A lot of what you described was similar to my DD who was diagnosed as autistic when she was 10 and adhd aged 14. The diagnosis makes little difference though to how we parent her just gives others a heads up she may need more support. The PDAsociety.org.uk website has helpful parenting tips for communicating with children like you have described. It can take a bit of getting used too phrasing things so they don’t sound like demands but get them to do what you need them too. Recognising that school is utterly exhausting for a child whose brain maybe wired a bit differently so after school we had the classic coke bottle explosion daily yet in school my DD was quiet, compliant very intelligent child until the point she couldn’t cope. Hopefully he’s just finding the new school term tiring and needs bit more reset quiet space to destress from his day.
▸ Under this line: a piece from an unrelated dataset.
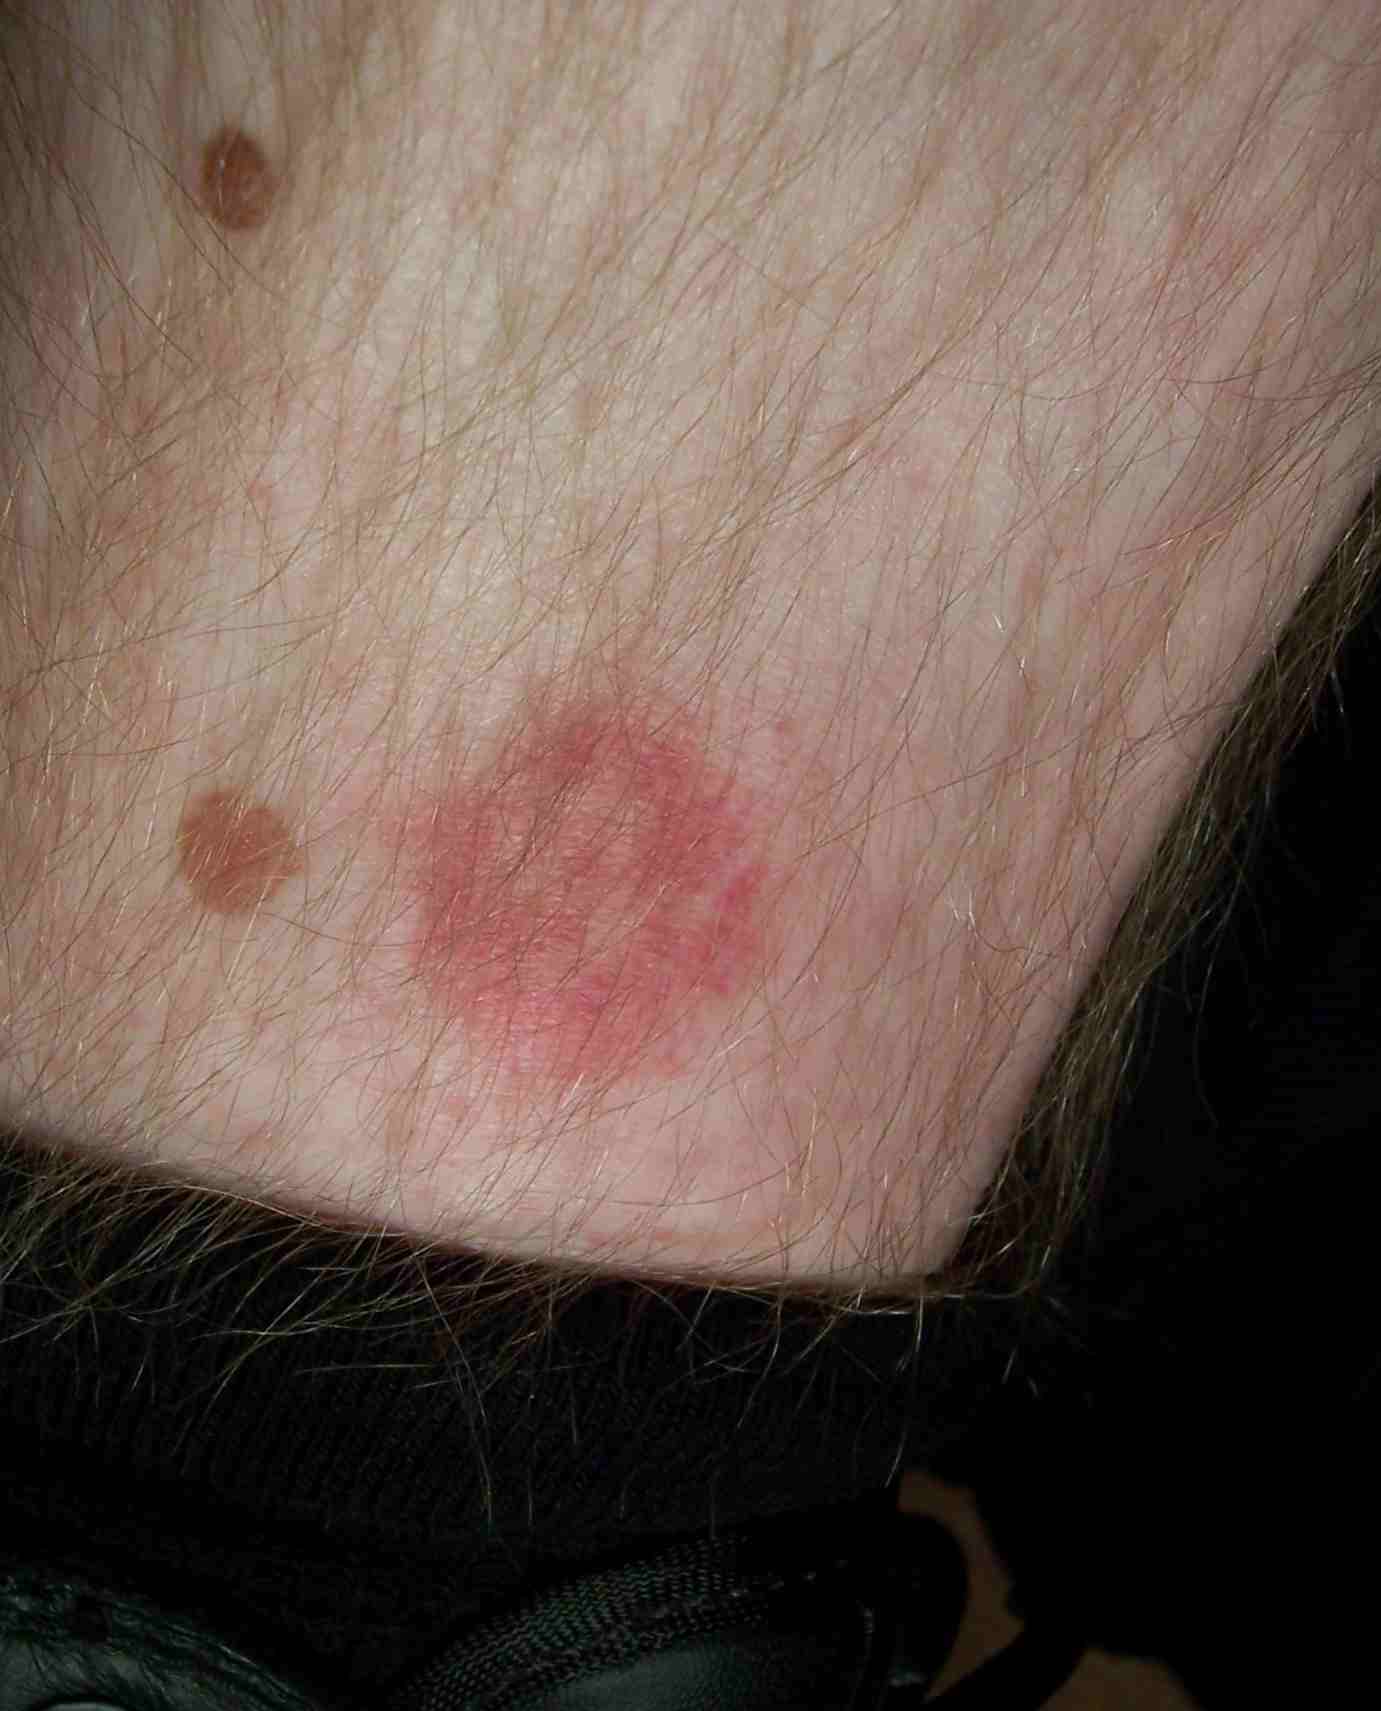 picture of lyme disease bite #11

User69611 · 01/10/2025 05:11

Sounds like autism to me too, although sounds like you don’t want to hear that right now. Agree with the helpful post above, look up PDA. Not winning every game triggers a huge fight or flight response stemming from anxiety. As he loses control/isnt “ahead” or above others. Looks like spoilt behaviour but it’s not. In order to help regulate him you can let him “win” every game; allow him to control as much as possible at home, reduce direct demands (using non-declarative language when you need things done, helpful book about this is called the non declarative handbook). Look up At Peace parents on social media, I found her incredibly validating and helpful when changing parenting tactics with similar challenges. Now things are a lot calmer. Good luck, it’s very hard x

Flanderspanders · 01/10/2025 07:56

Thanks @FlyBoots and @User69611. I appreciate your advice and I'll definitely check out the things you mention.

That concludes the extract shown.